Personal Power | Learning Life from Birds & One 747 Turnaround

Flickr photographer jack weisberg
An updated essay from Anne’s original journal

My Aunt Naomi says that reading my letters is an adventure in itself. She never knows where she’s going, when she opens the envelope. And often … neither do I when I begin writing.  In truth, I’ve left parts of myself and unfinished business all over the world. Fragments of me are also spread across the website, difficult to track at times because I tell too many stories at the same time.

It seems that now is the time to look back into my writing … considering the years after I returned to New York from Ohio, where I stayed after leaving Victoria’s Secret to continue my eight-year relationship.

I originally wrote “Life Is For The Birds” after Sept. 11 and more importantly at a time when I launched this ‘Life Journey’ of mine for real. I’ll do my best not to be too confusing as my tale unravels. More than one editor considers my writing style a nightmare.

“Life Is For The Birds”, written Jan. 15, 2002

Forgive the superlatives, but I shop at the most picturesque food market on the planet: Whole Foods in Edgewater.

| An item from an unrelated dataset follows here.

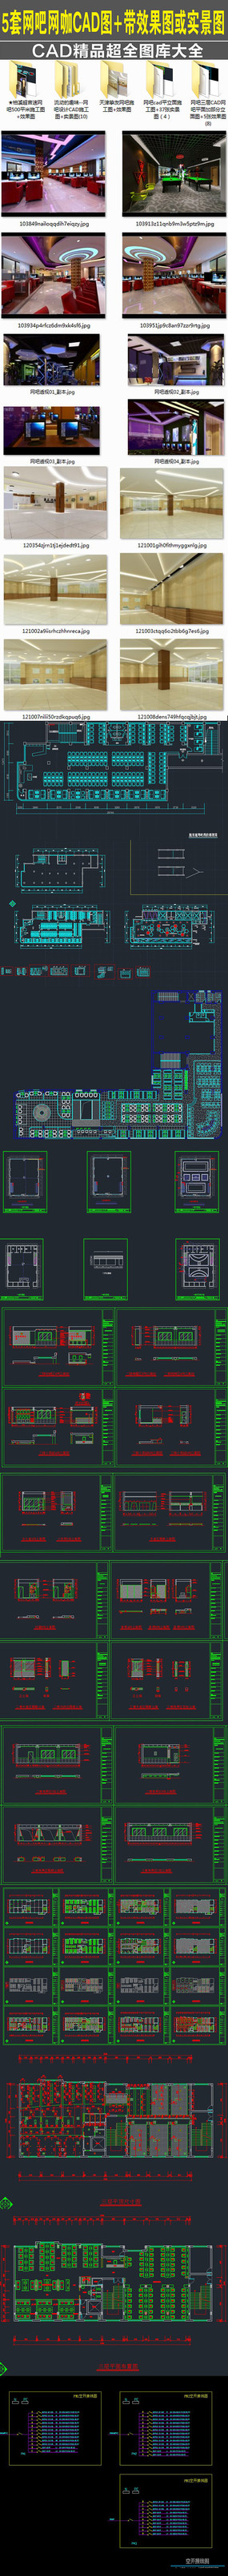 5套网吧CAD图和带效果图 dwg

Flickr photographer Lesliepear

Last week, I experienced a life lesson in their parking lot, trying to avoid a hundred sea gulls prancing around like dancers, double-daring me to harm just one feather. I like to drive fast, but I inched along in the Whole Foods parking lot, cajoling these sea birds to give me an opening. “Come on birds,” I pleaded in frustration. “Give me a break.”

I drove my five-speed sports coupe masterfully and prided myself on being able to answer almost any question in cyberspace in under 60 seconds. I’ve travelled around the world over 100 times from New York to Europe and then Asia and home. Round and round the world I went for 10 years.

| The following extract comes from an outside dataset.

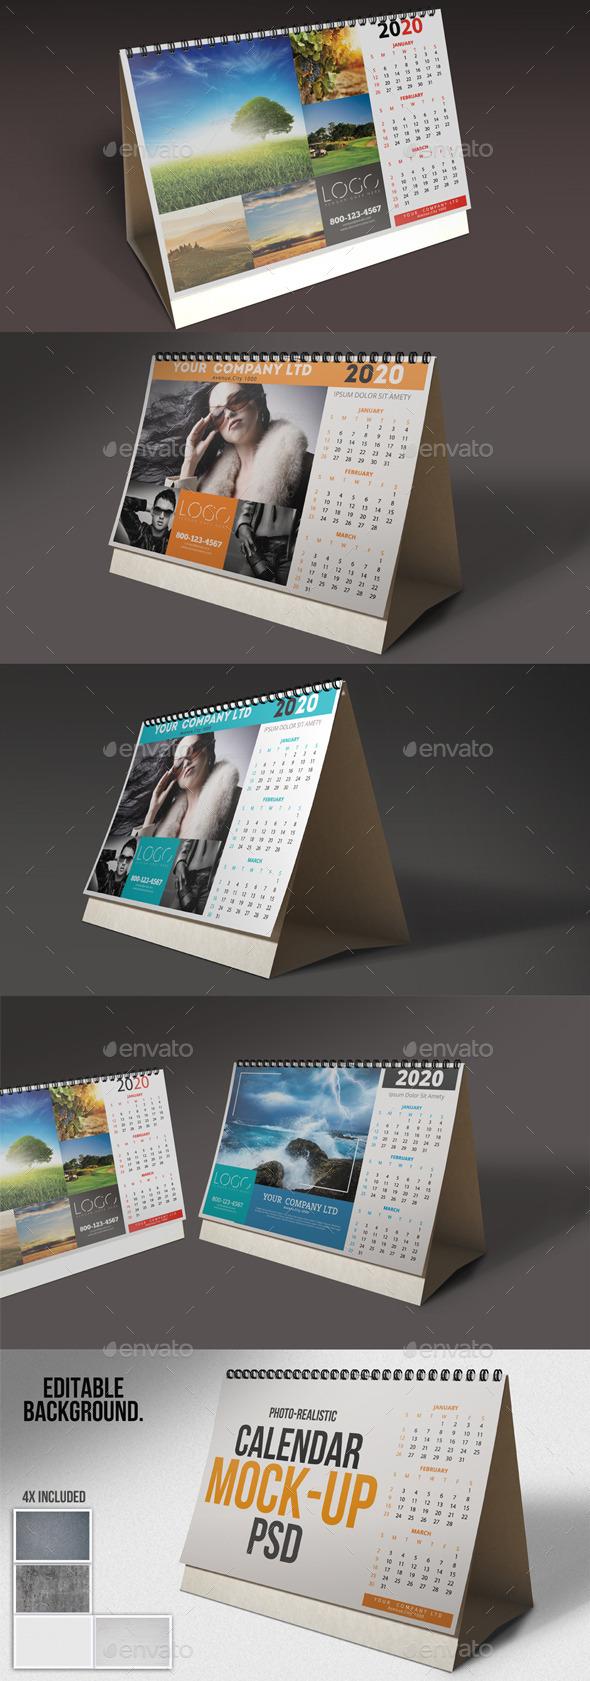 Desk Calendar Mock-Ups

Nevertheless, these birds stopped me dead in my tracks.

Flickr photographer Belle’sDaddy

“So like what’s the story,” I asked my sea gulls. “I’m on a tight schedule; with a meeting a 3, and I’m way behind in my writing. What  can I do to expedite this situation? There is a solve to every life situation. Let’s negotiate.”

It’s important to understand that I had a profound relationship with sea gulls at that time. In the days after the World Trade Center came falling down, the sea gulls were crazy with confusion.

It had been a very challenging year for me, even before Sept. 11, having left my eight-year relationship that I truly wanted to succeed but knew it couldn’t. When the expert marriage counselor told me in front of my partner to go back to New York for my own good, I listened. Such an overt move of advice is rarely made by professionals.

I didn’t live on the water in Jersey City but in a renovated industrial laundry building a couple miles away. After September. 11, the seagulls were everywhere in my parking lot, flying outside my window, trying to reorient themselves. Silly as it sounds, I felt that they protected me in my crushed emotional state, especially when flying outside my sixth floor windows.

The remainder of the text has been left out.